= German Youth Power Sports Association =

DJK logo

German Youth Power Sports Association (Deutsche Jugendkraft Sportverband, DJK) is a Catholic-sponsored sports association in Germany. Founded as a faith-based organization, today it is open to anyone who supports its goals. The concept of Jugendkraft or "youth power" is common to many countries and cultures, as in the Italian Juventus, and conveys the positive aspects of youthful energy and creativity.

==History==
The DJK was established in Würzburg in 1920 under the leadership of Monsignor Carl Mostert and was active nationally until 1933 and the rise to power of the Nazis. Faith-based and worker's organizations were regarded as politically unpalatable by the regime and DFK-affiliated clubs were at that time dissolved or forced into mergers with mainstream clubs. On 1 July 1934, DJK head Adalbert Probst was arrested by the Gestapo before being shot the next day. By early 1935, the DJK and similar organizations were banned outright.

Following World War II, organizations of all types were banned across the country by occupying Allied authorities as part of the process of de-Nazification. New sporting organizations slowly emerged and the DJK was re-formed in 1947 as the "Verband für Sportpflege in katholischer Gemeinschaft" (Catholic Sports Association for Community Care). Former DJK head Prelate Ludwig Wolker played an important role in bringing together the myriad of feuding postwar sports bodies under the national umbrella organization Deutscher Sportbund (German Sports Federation) in 1950. Within the DJK, a fierce factional dispute arose over whether the organization should return to being a separate and purely Catholic organization as it had been before the war, or an ideologically neutral organization that would integrate itself with other national sporting groups. In 1961 the DJK joined the Deutscher Sportbund. The previously separate men's and women's DJK groups were merged in 1970.

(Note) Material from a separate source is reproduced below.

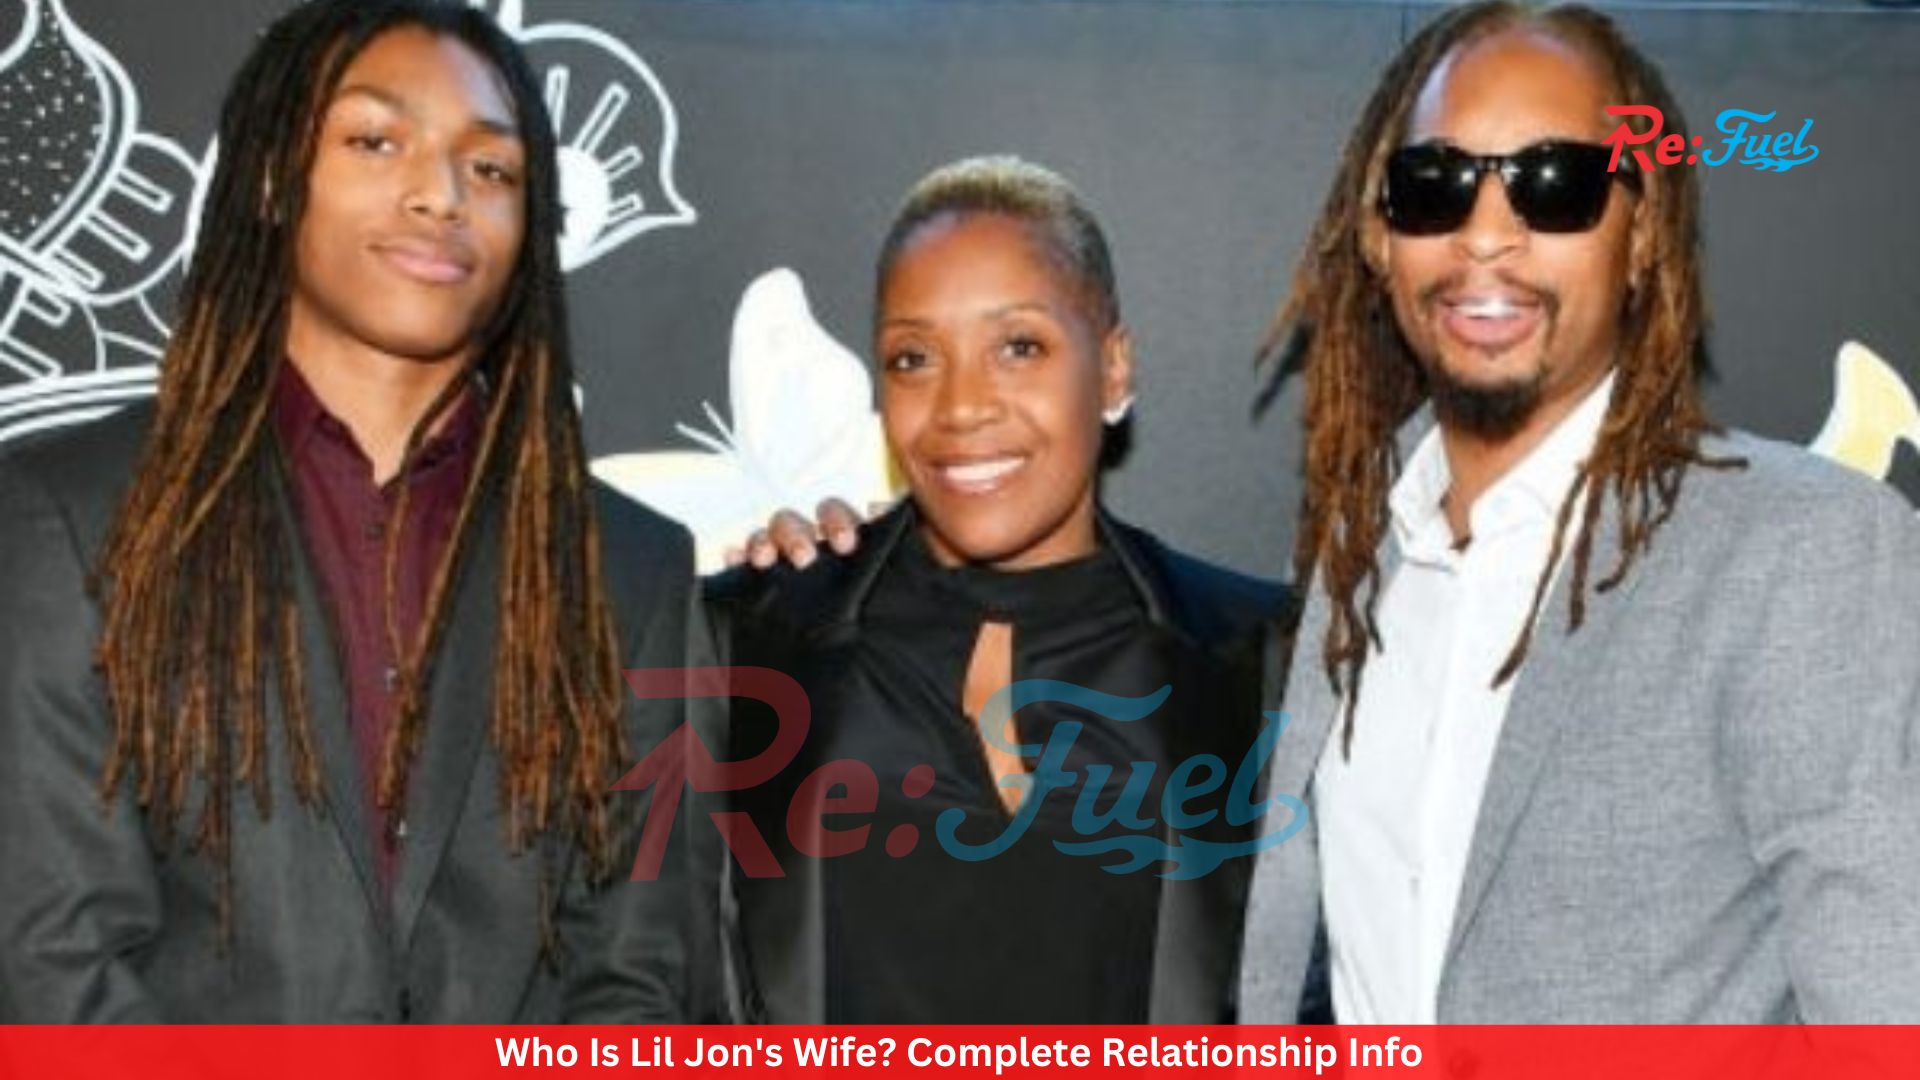 Who Is Lil Jon's Wife? Complete Relationship Info

Today the organization acts as mediator between the church and sports, and places an emphasis on the role of faith in a sporting context. Based in Düsseldorf, the DJK is a member of the German Olympic Sports Confederation (member with special responsibilities) and the Fédération internationale catholique d'éducation physique et sportive (International Organization of Catholic Sports Associations). The DJK-Sportjugend (DJK-Youth Sport) is an independent youth organization and a member of Deutschen Sport Jugend (German Youth Sport) and the Bund der Deutschen Katholischen Jugend (Federation of German Catholic Youth).

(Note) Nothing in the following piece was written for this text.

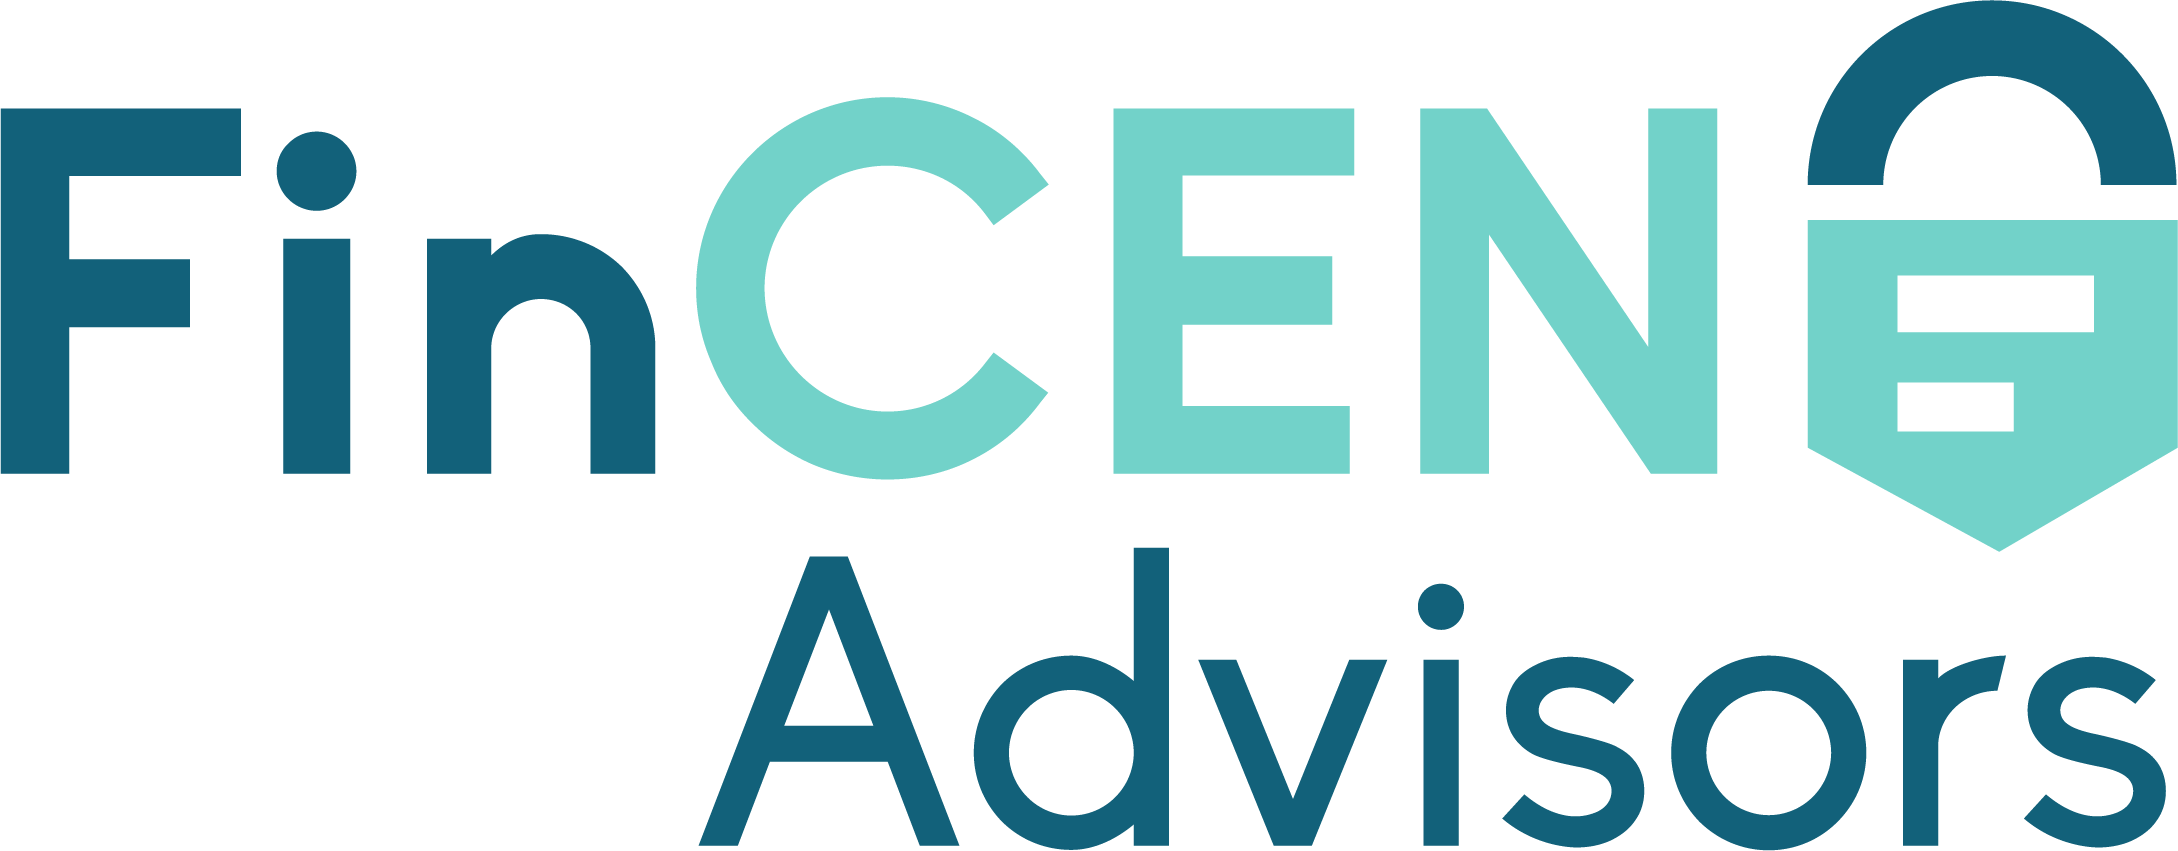 Logo of fincen advisors featuring stylized text and a geometric icon in shades of teal and blue on a dark green default kit background.

The DJK-Sportsverband includes about 1,200 clubs nationwide and has over 530,000 members, of which almost half are adolescents and young adults (January 2005). The individual member clubs are part of national sports federations and associations for their respective sports. Every two years, the DJK Sportverband awards the DJK Ethics Award for Sport. Volker Monnerjahn has been DJK president since 2004.

==Championships==
DJK-affiliated clubs participate fully in regional and national sports leagues. Prior to 1933, these clubs were part of the separate DJK-sponsored competitions and occasionally staged national championships. The DJK also fielded its own national football side in the pre-war era.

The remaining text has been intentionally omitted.